Since part of the impetus for this blog is metrics, I have a vested interest in anything that considers channel shift and channel service comparison, which the benchmarks can, so I’m interested!

Unsurprisingly, one of my colleagues, Glyn Evans, commented upon Birmingham’s employment of ‘business value’, an approach that was generally found acceptable given that much of the value of I.T. initiatives is sometimes lost in the tradition of ‘bean counting’, hence I’ve labelled the soft alternative ‘beat counting’!

My own researches have included side investigations into ‘public value’ and ‘social capital’ as possible metrics, which whilst of no assistance on their own, may be able to be employed as parallel accounting contibutions, given sufficient focus upon what the citizen wants and needs.

Any thoughts out there?


Public value and satisfaction

May 3, 2008

Just reading Mark H Moore’s paper from the The Hauser Center for Nonprofit Organizations, Harvard University, The Public Value Scorecard: A Rejoinder and an Alternative to “Strategic Pareformance Measurement and Management in Non-Profit Organizations” by Robert Kaplan, published in May 2003 and available here: http://ssrn.com/abstract=402880

Moore’s analysis of the Balanced Scorecard in terms of the not-for-profit sector is useful is reminding us of some particular issues:

Moore (2003, p. 5) “What the financial measures do not tell them, however, is how much public value they have produced.”

Moore (2003, p. 6) “Nonprofit managers, on the other hand, need non-financial measures to tell them whether they have used their financial resources as effective means for creating publicly valuable results.”

Moore (2003, p. 7) develeops the concepts of the downstream and the upstream “customers” of not-for-profit organisations. The downstream customers are the ones in receipt of good or services whilst the upstream are the donors and governments. I presume in this sense, all tax payers plus the government are upstream, whilst when we are in receipt of a service we are downstream.

However Moore (2003, p. 7) does state that “it is often true that both donors and governments want something different (or more) than the satisfaction of the clients the nonprofit organizations serve.” In that they wish to achieve social outcomes.

Moore (2003, p. eight) focuses on the pooling of resources between not-for-profit organisations leading to the ‘Public Value Strategy’.

Whist attacking the theory that a small number of outcome measures are sufficient, Moore (2003, p.13), he does argue that a mix of outcome, output, process and input measures are a necessity.
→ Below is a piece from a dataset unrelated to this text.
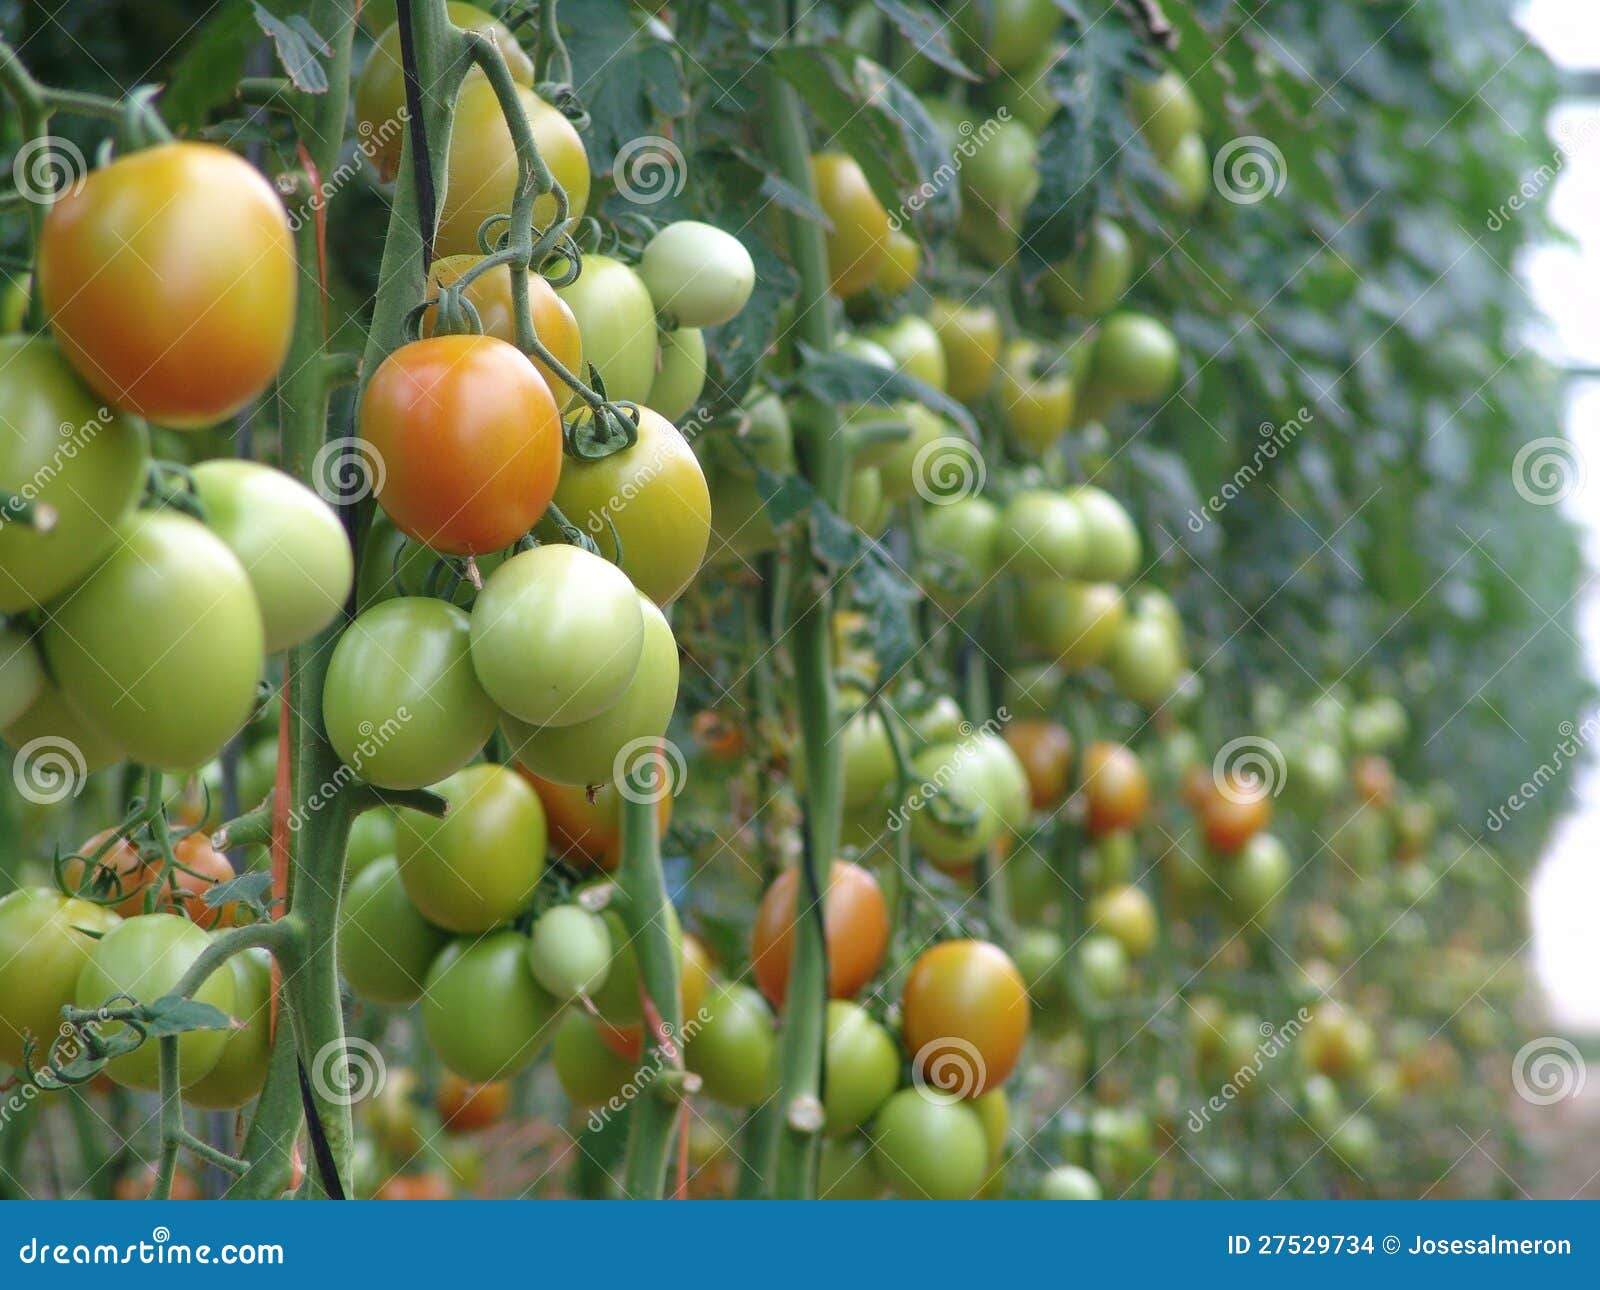 tomatoes on almeria greenhouse.

A lot of the public value work was covered in ‘Creating Public Value – Strategic Management in Government’, Mark H. Moore, Harvard University Press, 1996. Particlarly Moore (1996, p.36) where an interesting discussion arises over the use of customer satisfaction and examples of where it should or could not be used!
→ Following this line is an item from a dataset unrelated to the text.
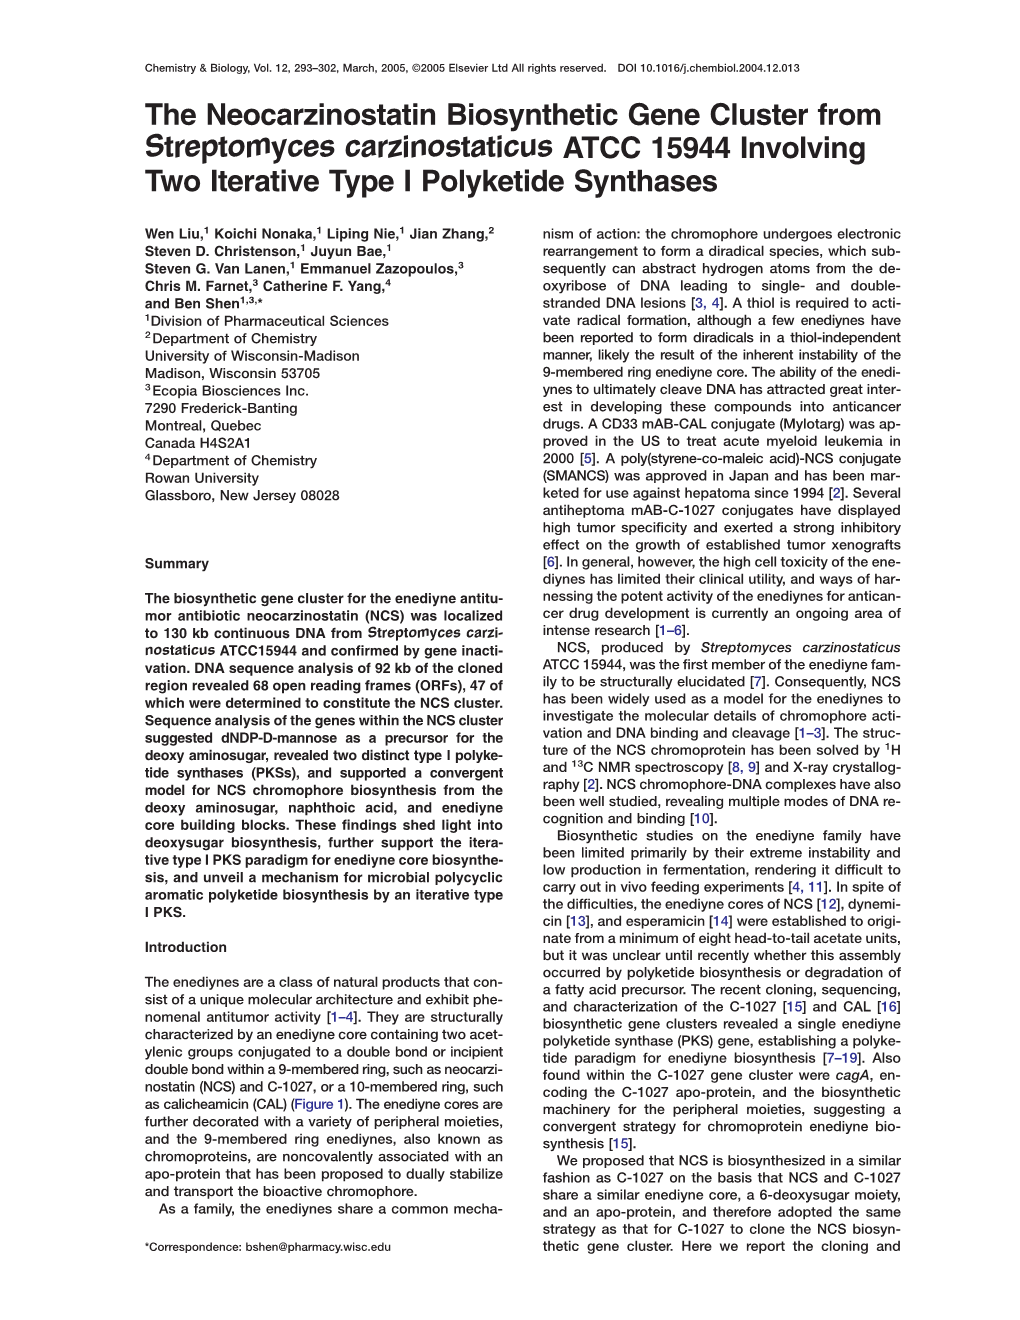 The Neocarzinostatin Biosynthetic Gene Cluster from Streptomyces Carzinostaticus ATCC 15944 Involving Two Iterative Type I Polyketide Synthases

None of this dissuades me from the theory I am proposing, since I believe that satisfaction with service delivery or importantly feedback when not satisfied should lead to improving social outcomes or public value, which can satisfy all the upstream customers at the same time as improving matters for the later downstream ones.
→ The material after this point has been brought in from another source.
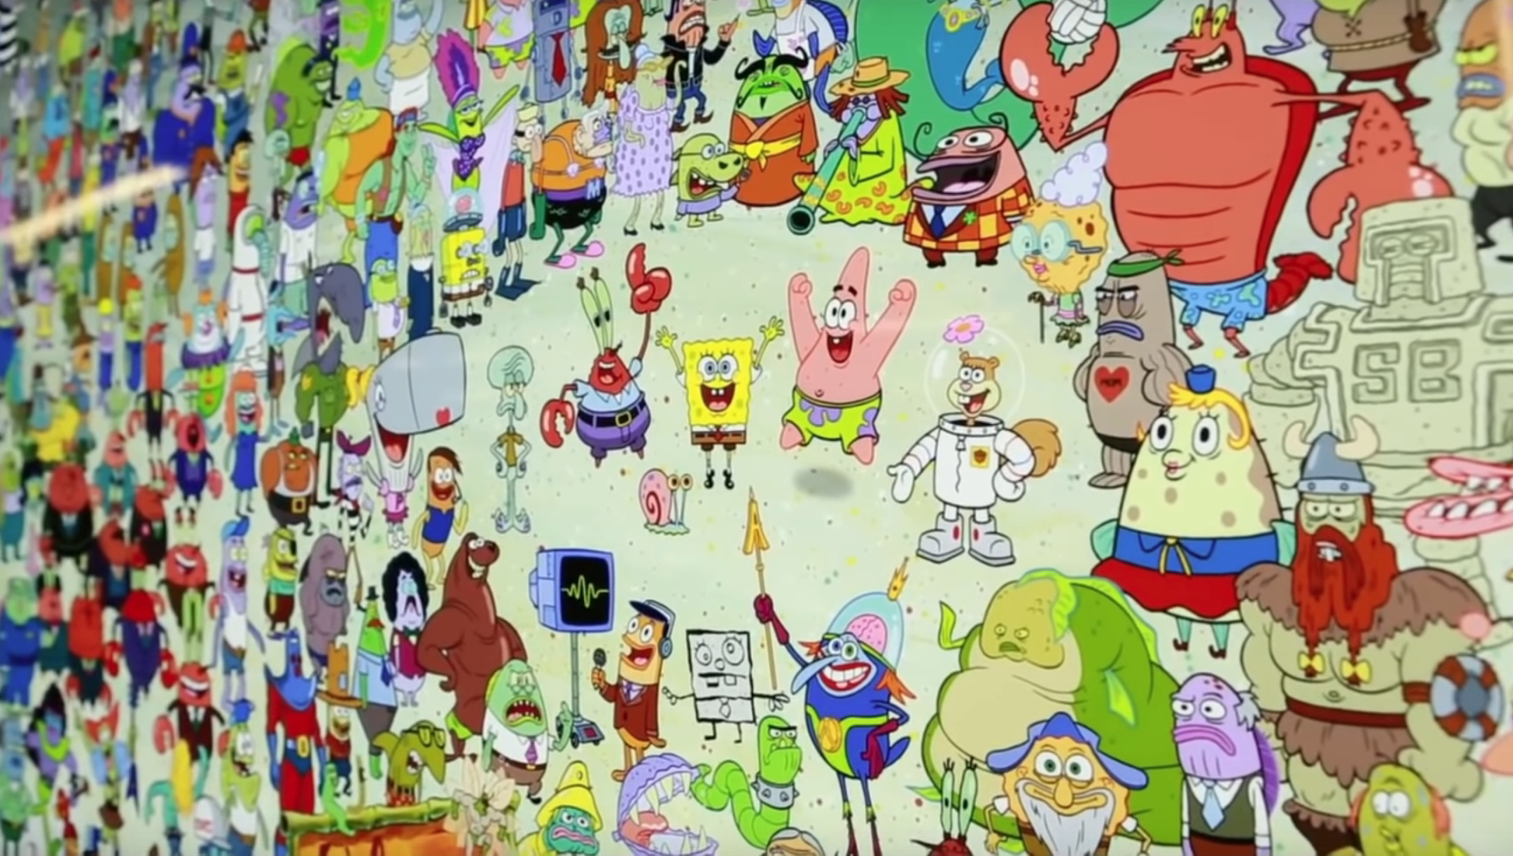 spongebob krabby patty episode

Have a look at his paper if you haven’t come across the Public Value Scorecard, it has some useful ideas.


Public Value, Social Capital and other fun metrics

March 15, 2008

In the course of my study of the literature I have had to consider some other ways of measuring the value of electronic government. One of the terms that has been used in recent years is Public Value and a document on the Cabinet Office web site by Kelly, Mulgan & Muers provides some background to this:

http://www.cabinetoffice.gov.uk/upload/assets/www.cabinetoffice.gov.uk/strategy/public_value2.pdf

Another term is Social Capital, but this is possibly even more difficult to measure, as a review of the literature by the Office of National Statistics demonstrates:

http://www.statistics.gov.uk/socialcapital/downloads/soccaplitreview.pdf

Hence my reason for wanting to examine ‘satisfaction’  versus ‘dissatisfaction’, with explanatory comments for success or failure in service delivery and hence as a means of improving channels!